L’OPC interpelé par la circulation d’une vidéo d’une mineure victime de viol
L’Office de la Protection du Citoyen (OPC) constate, avec une profonde indignation, la circulation sur les réseaux sociaux d’une vidéo à caractère sexuel mettant en scène une mineure, une écolière en uniforme, victime d’un viol.

Port-au-Prince, le 6 mars 2026. L’Office de la Protection du Citoyen (OPC) affirme avoir obtenu des informations selon lesquelles l’auteur présumé de cette agression, non content de s’en prendre à une mineure, aurait filmé la scène avant de diffuser la vidéo sur les réseaux sociaux.
Il l’aurait fait dans le but manifeste de porter atteinte à la dignité de la victime, de l’avilir et de lui causer un préjudice grave tant sur le plan moral que social, déplore l’OPC, rappelant qu’un mineur ne peut pas être consentant.
Face à cette situation que l’OPC qualifie de « particulièrement révoltante et attentatoire aux droits fondamentaux de l’enfant », il interpelle la Brigade de Protection des Mineurs (BPM) afin que toutes les mesures nécessaires soient prises pour assurer la protection de la victime et lui garantir l’assistance appropriée.

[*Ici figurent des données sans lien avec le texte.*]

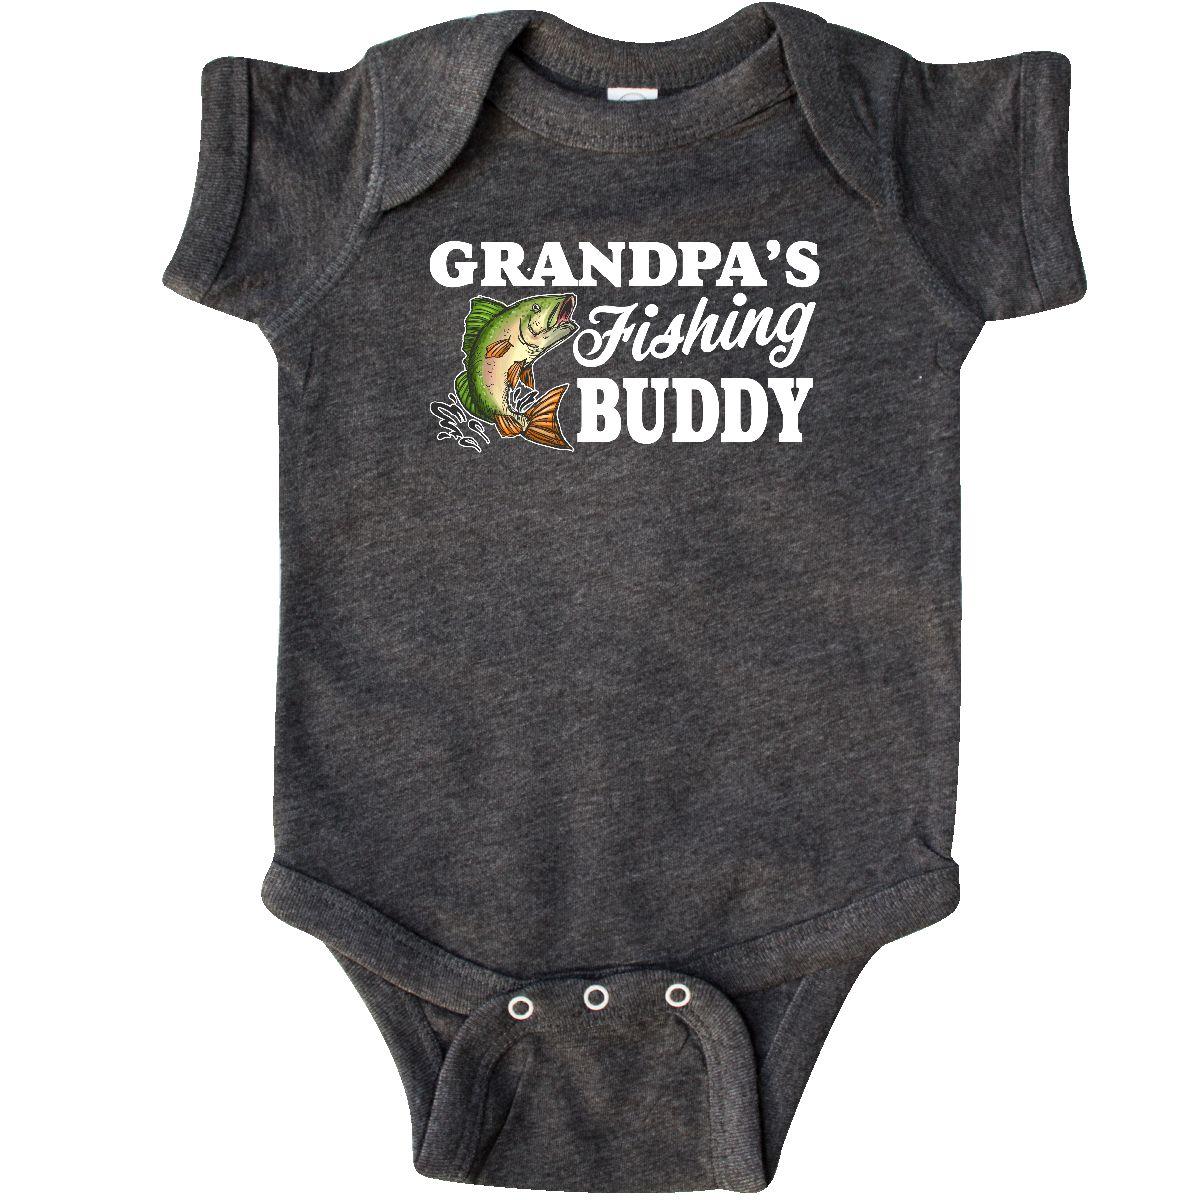 9e4ed636cff0c Inktastic Grandpa's Fishing Buddy With White Text Infant Creeper ...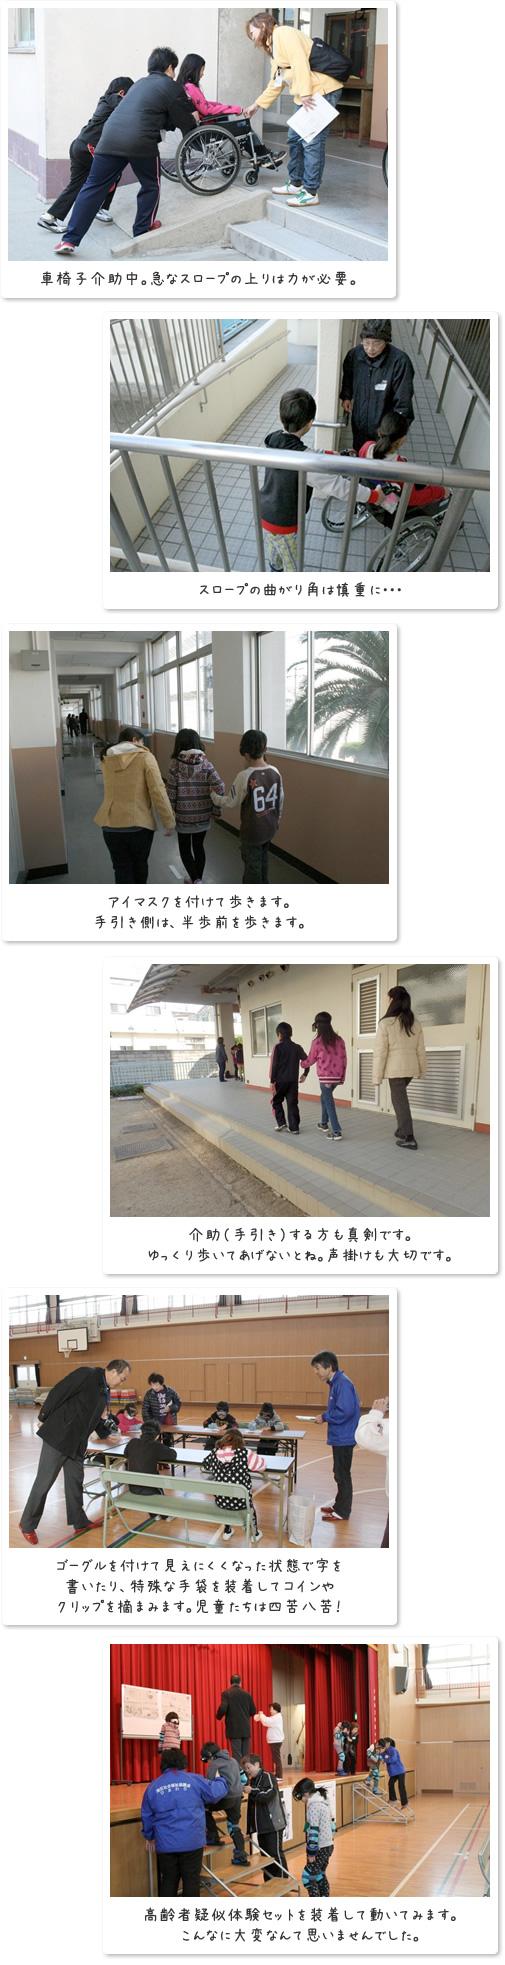 20141208_1_img01.jpg

L’institution dirigée par Jean Wilner Morin exhorte également les officiers de police judiciaire compétents à entreprendre, sans délai, toutes les diligences utiles en vue d’identifier, de rechercher et d’appréhender l’auteur de ce crime ainsi que toute personne ayant participé, de près ou de loin, à sa commission ou à la diffusion de cette vidéo.
Il faut qu’ils soient déférés par devant les autorités judiciaires compétentes conformément à la loi, exige le protecteur du citoyen, qui invite tout un chacun à collaborer avec les autorités policières en leur transmettant toute information susceptible de contribuer à l’identification et à la localisation de l’agresseur, notamment son identité, son adresse, le lieu où les faits se seraient produits ainsi que la page ou le compte ayant servi à la diffusion de cette vidéo sur les plateformes numériques.
La protection des enfants constitue une obligation fondamentale de l’État et de la société. La banalisation de tels actes, de même que leur diffusion sur les réseaux sociaux, constituent des atteintes graves et répétées à l’intégrité physique, morale et psychologique des mineurs », lit-on dans une note publiée par l’OPC.